MICHAEL SCHERER: There's another way of interpreting what the president's doing right now, which is he went to the Justice Department last week and told a story about Bobby Knight, the basketball coach, and how great he was at working the refs.
It's clearly in his mind.
It's also true that a lot of the things his administration wants to do, it needs the court to change current legal interpretation to do.
He needs judges.
Either he's going to go, you know, totally rip up the Constitution and go it alone, or he's going to do what they've said they're going to do, which is to challenge birthright citizenship, to challenge the impoundment act, to challenge all these laws that are on the books right now that are interpreted as legal right now that he doesn't think are legal.
And so I think a way of looking at what this is what he is doing here, and he did it in the first term, is he's threatening judges.
He's saying, look, I'll make your life hard.
If you defy me, I'm going to call you out.
I'm going to make everything difficult around you.
And he's doing a Bobby Knight.
He's throwing the chair, you know, into the middle of the basketball court.
JEFFREY GOLDBERG: Nancy, I don't want to ask you to speculate, but could you speculate on the likelihood that Donald Trump actually exceeds all of these red lines based on the first couple of months of this administration.
I mean, it seems implausible to my American brain that such a thing could happen in federal government, but -- NANCY YOUSSEF: Well, I think to my, to the point you just made is because they're not using just one all.
Usually when we've had constitutional and challenges, it's been over one issue.
The flooding of the zone I think is having real impact in that.
They might lose on birthright but win on something else, and so that it allows us to sort of extend itself and go on for extended periods of time.
I think the one thing that sort of gives me hope is once we get to that point of a constitutional crisis, where it's defiance and it's open, we are saying that the country's ruled by one, and the spirit of this country, I don't think would allow for that.

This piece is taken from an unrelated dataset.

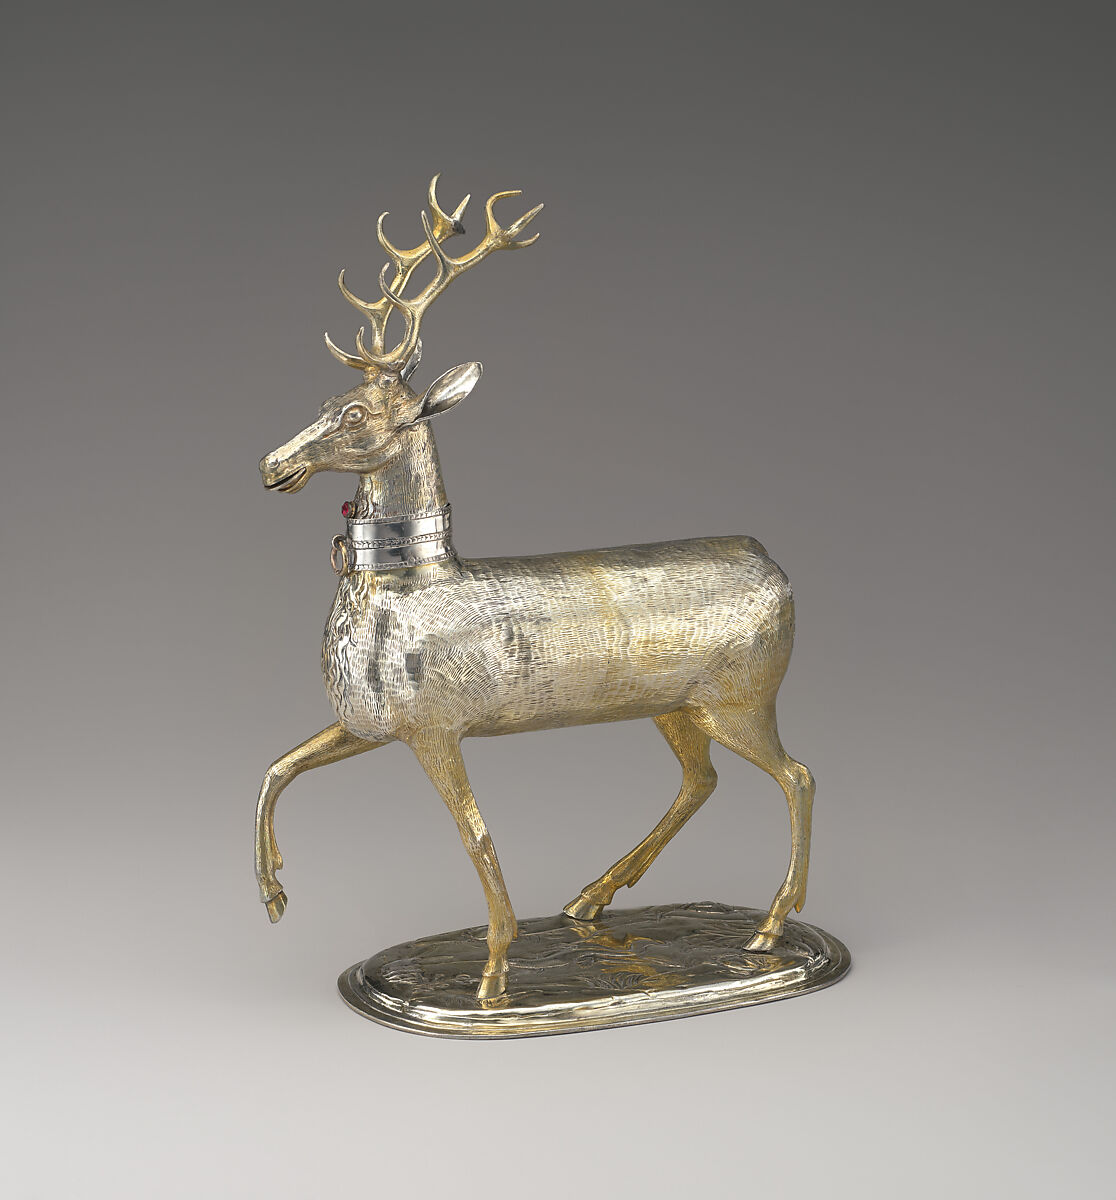 Cup in the form of a stag, Christoph Beham, Partly gilded silver, gemstone, German, Augsburg
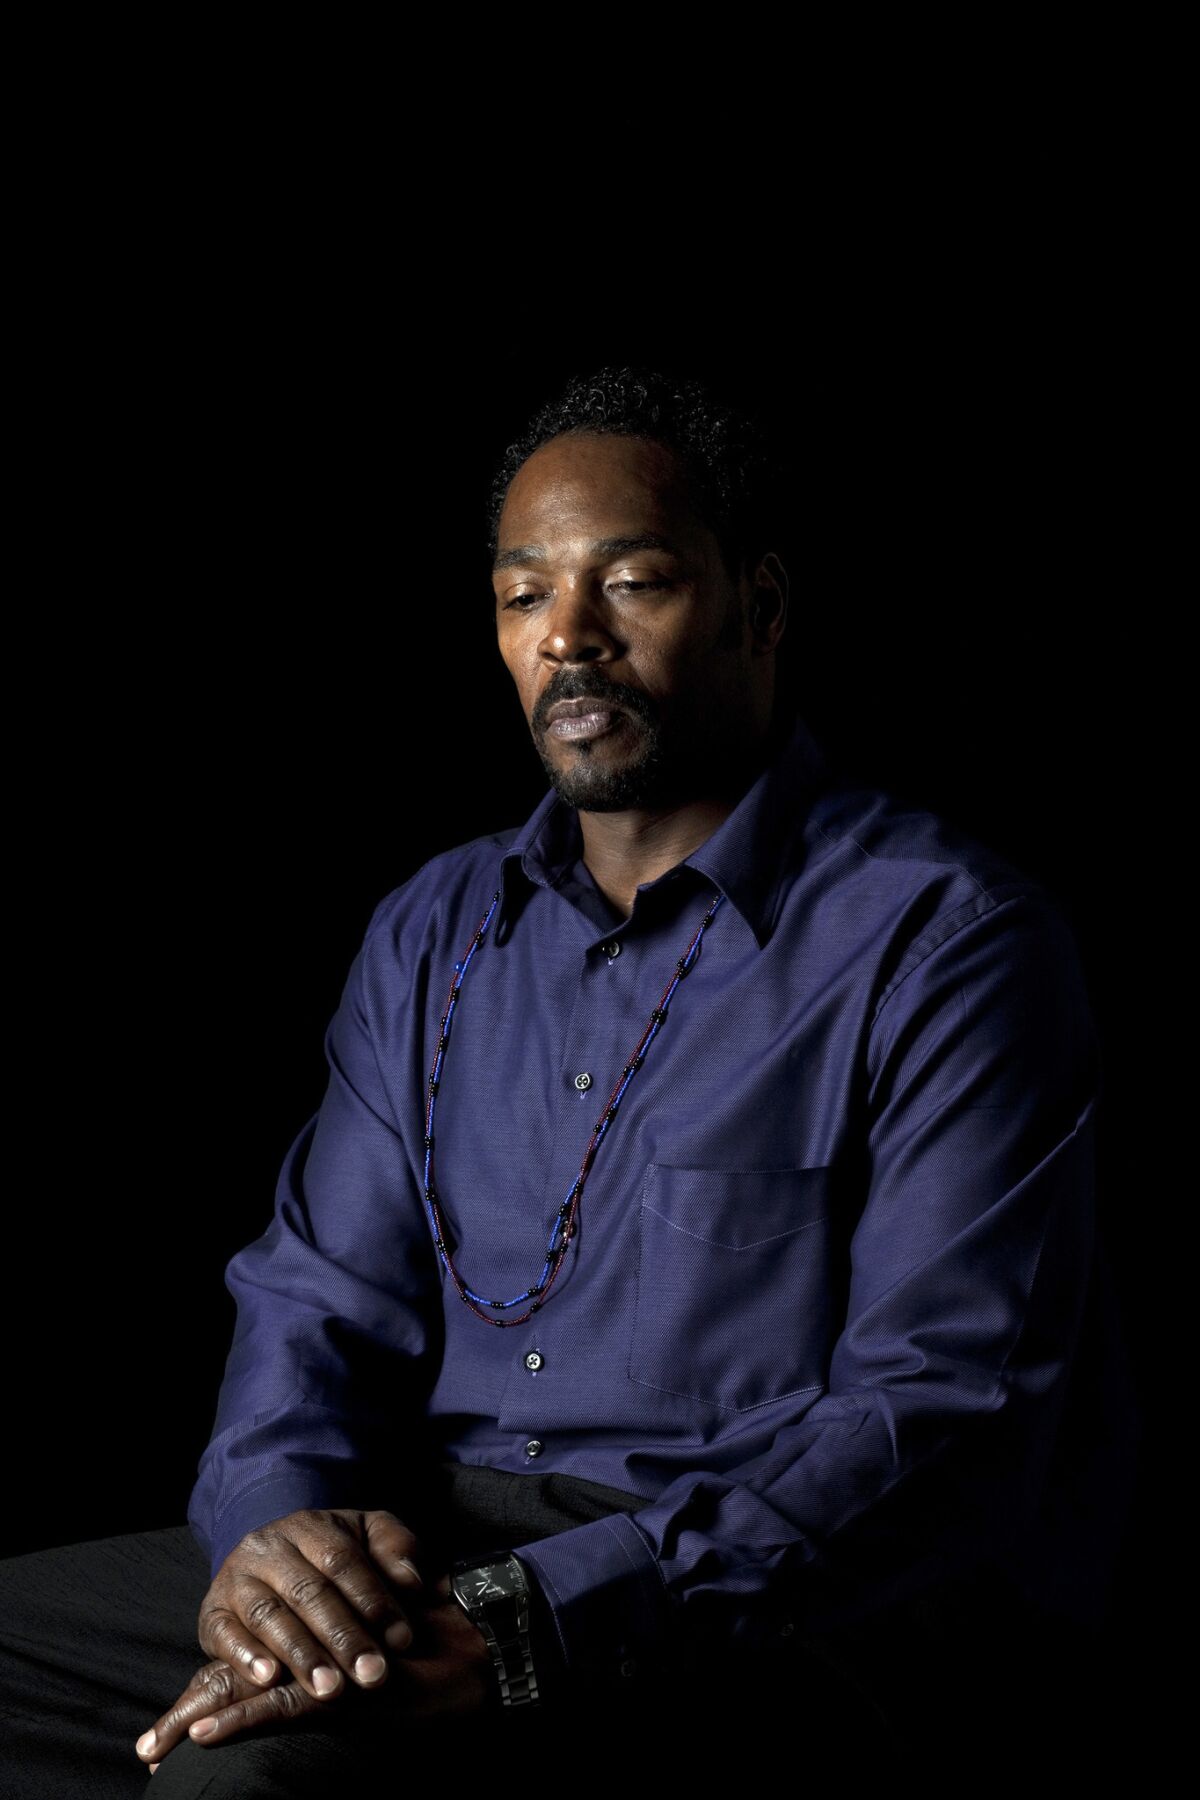 Rodney King in the Los Angeles Times studio.

It's not just the Constitution, but the very nature of this country has fought against one person ruling to get to that crisis is one person now ruling, the president.
And so that's where I'm optimistic.
And I think, practically speaking, the number of cases that have come forward is such that I don't think it'll be a straight line.
It'll be some cases they win, some cases they lose, and that in and of itself will affect the timeline.
JEFFREY GOLDBERG: Yes, go ahead.
EUGENE DANIELS: But also, some of this is just about basing the fight, right?
So, one thing that's really interesting, and all of us know this from covering Donald Trump and his folks for so long, is that it's the thing that they're doing is not always the thing that they want everyone to be paying attention to.
And sometimes the underlying part of it is they just want his base to be -- stay riled up and understand that he wants -- JEFFREY GOLDBERG: That's why Canada, exactly.
EUGENE DANIELS: Exactly, to keep the fight.
But that is also a part of this, right?
So, whether or not he wants to take Canada and be the 51st state, or whether or not he really truly believes deeply that the 14th Amendment does not give people who are born here citizenship.
It is about the people within the party, and people in his base seeing him have the fight sometimes just for the fight's sake.
Fighting with the judges is also a part of that.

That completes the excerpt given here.